Nearly 20% of patients with CDI were colonized with VRE prior to initiation of CDI therapy. It is likely that this percentage would have been even higher if only US hospitals had been included in the study. In 2 previous studies in hospitals in California and Cleveland, Ohio, prevalences of coexisting VRE colonization at the time of CDI diagnosis were 41% and 62%, respectively [2, 16]. In 44% of patients with preexisting VRE colonization, fidaxomicin therapy was associated with a reduction in VRE concentration to undetectable levels. For fidaxomicin-treated patients with persistent VRE colonization at the end of treatment, the fidaxomicin MICs of VRE isolates were higher at the end of treatment (MIC90, 256 µg/mL; range, 1–>256 µg/mL) than prior to treatment (MIC90, 4 µg/mL; range, 2–256 µg/mL), suggesting that resistance to fidaxomicin had emerged during therapy. The presence of fidaxomicin resistance did not correlate with rifampin resistance, suggesting that mutations leading to rifampin resistance are not responsible for the elevated fidaxomicin MICs.

Our data suggest that the new detection of VRE with elevated fidaxomicin MICs after fidaxomicin therapy may be due to expansion of subpopulations of VRE with elevated fidaxomicin MICs due to selective pressure during therapy rather than to de novo emergence of resistance (eg, mutations in RNA polymerase genes). We found that a majority of patients colonized with VRE with elevated fidaxomicin MICs after therapy had detectable minor subpopulations of these organisms present in stool samples prior to therapy.

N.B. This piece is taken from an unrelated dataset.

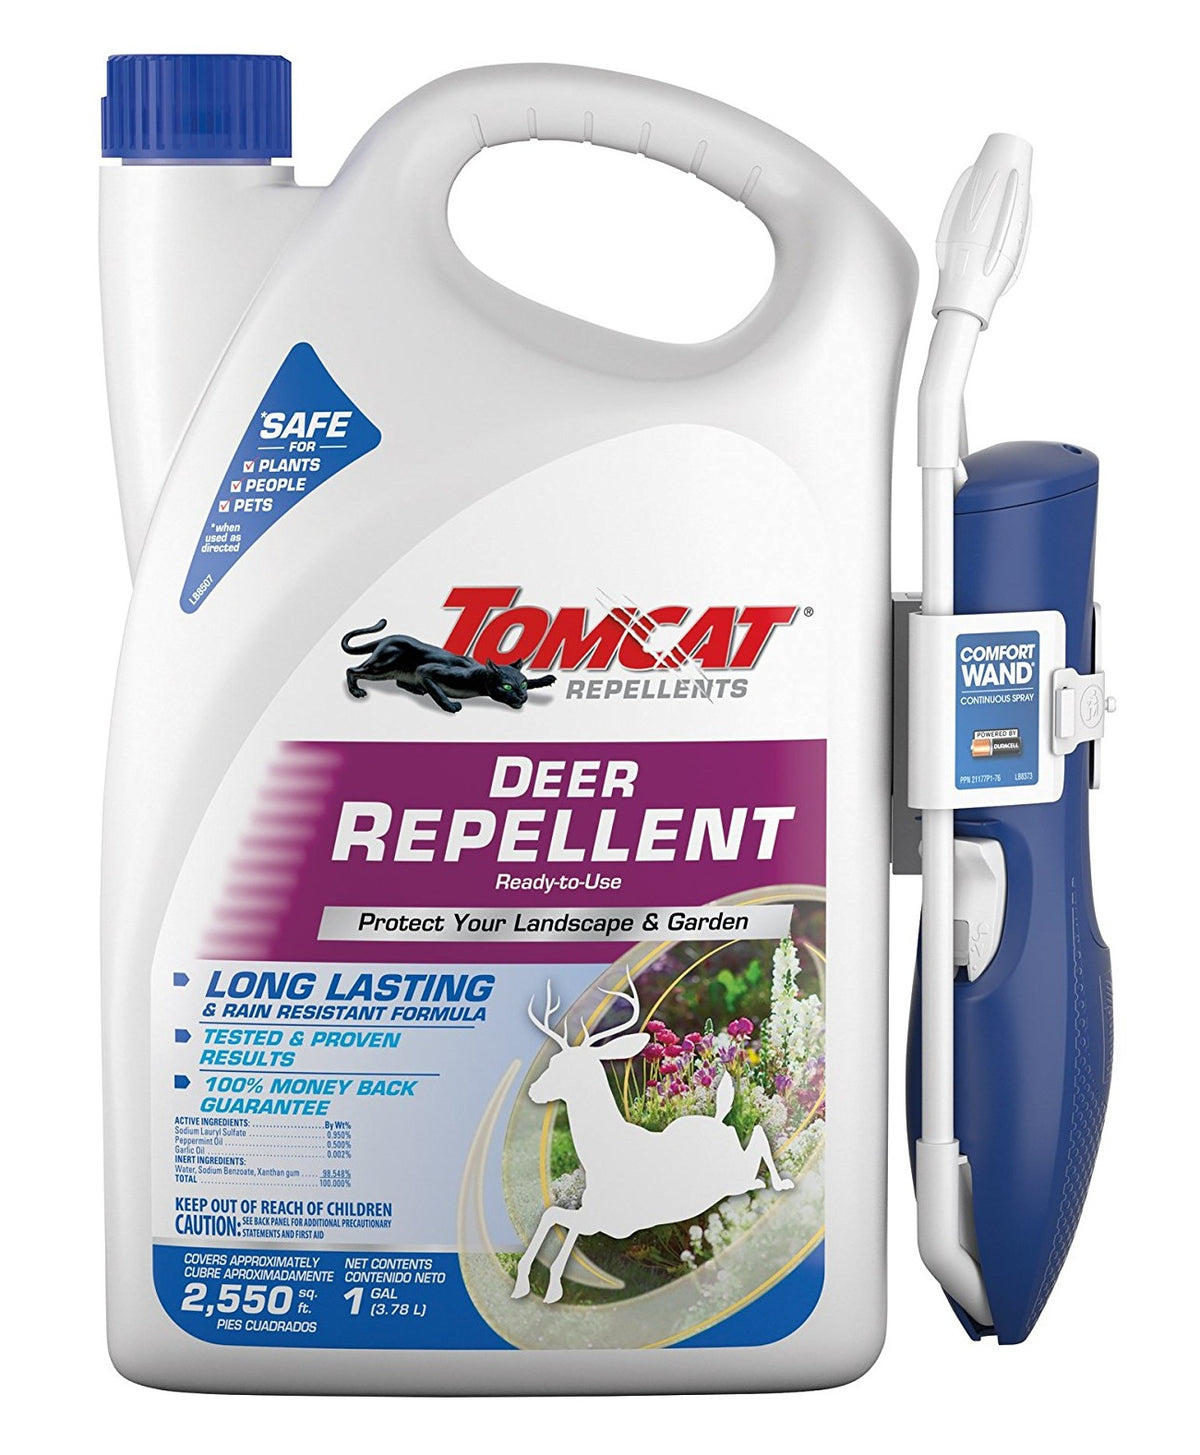 Tomcat 0491110 Deer Animal Repellent, 1 Gallon

Surprisingly, we found that vancomycin treatment was associated with reduction of VRE to undetectable levels in 37% of patients. Because oral vancomycin treatment results in high concentrations in the intestinal tract that are higher than the MICs of many VRE strains, it is possible that vancomycin might have eliminated colonization or suppressed VRE levels below the limit of detection (approximately 1 log10 CFU/g of stool) in some patients. The reduction in VRE was not attributable to relatively low MICs in the preexisting VRE strains (vancomycin MIC range, 25–1024 µg/mL). In contrast to the present study, we found that vancomycin therapy was associated with reductions in preexisting VRE to undetectable levels in only 1 of 19 colonized patients in a previous study in a Veterans Affairs hospital [3].

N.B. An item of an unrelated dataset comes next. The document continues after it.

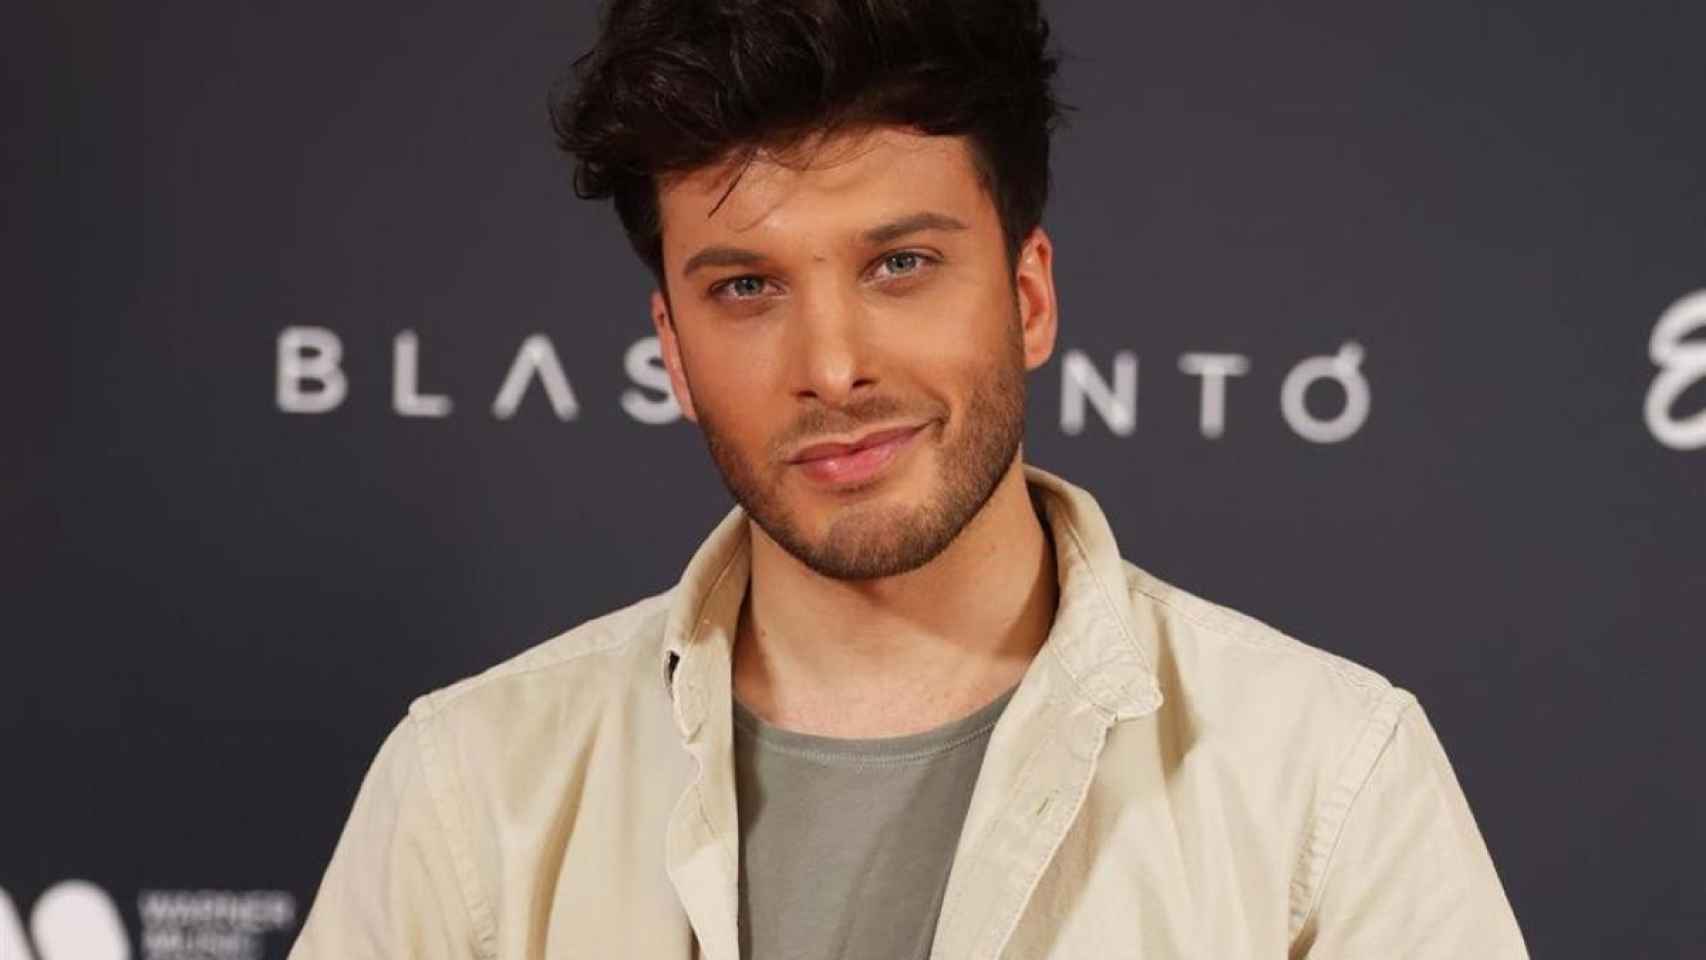 El cantante Blas Cantó, representante de España en el Festival de Eurovisión 2021 / EP
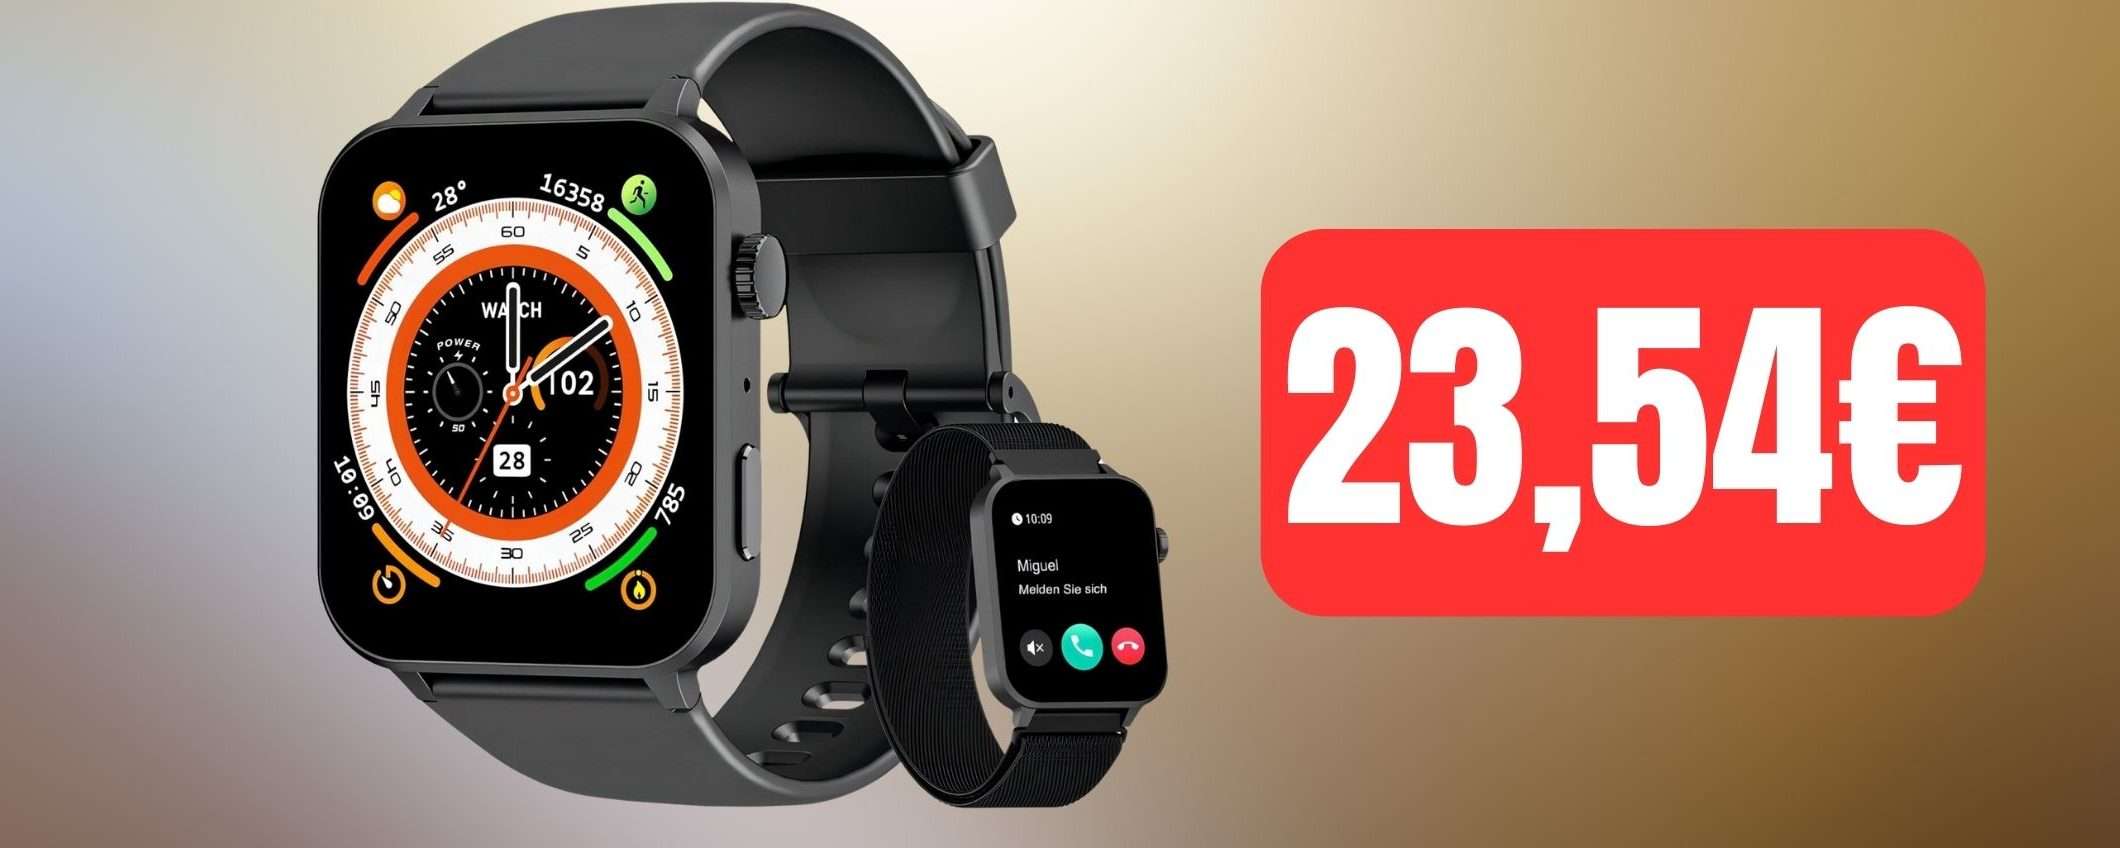 Chiamate direttamente dal polso con questo smartwatch a soli 23€ su Amazon

Our study has some limitations. Assessment of acquisition of VRE and Candida species was based on stool samples obtained at the end of treatment, so subsequent acquisition occurring after CDI treatment could have occurred in some patients. However, for many of the study patients, additional stool samples were analyzed after completion of therapy, and results were similar to those for samples obtained at the end of therapy (data not shown). Because all patients were treated for CDI, there was no untreated control group. Therefore, we cannot definitively state that the vancomycin or fidaxomicin therapy was the cause of VRE or Candida species acquisition or persistence (ie, other antibiotics received prior to the diagnosis may have contributed). However, we have previously demonstrated that the concentration of VRE in stool of colonized patients decreases significantly by 1–2 weeks after discontinuation of antibiotic treatment [7].

In summary, we found that fidaxomicin did not suppress Bacteroides organisms and was less likely than vancomycin to promote acquisition of VRE or Candida species during CDI treatment. However, the ability of fidaxomicin to suppress established VRE colonization appeared to be limited because of the selection of subpopulations of VRE with elevated MICs to fidaxomicin. Additional studies are needed to determine whether fidaxomicin is less likely than vancomycin to promote colonization with other healthcare-associated pathogens (eg, antimicrobial-resistant gram-negative bacilli) and to assess whether use of fidaxomicin for CDI therapy will be associated with reduced risk for VRE and Candida species infection and transmission. There is also a need for studies to determine the mechanism of fidaxomicin resistance in VRE strains.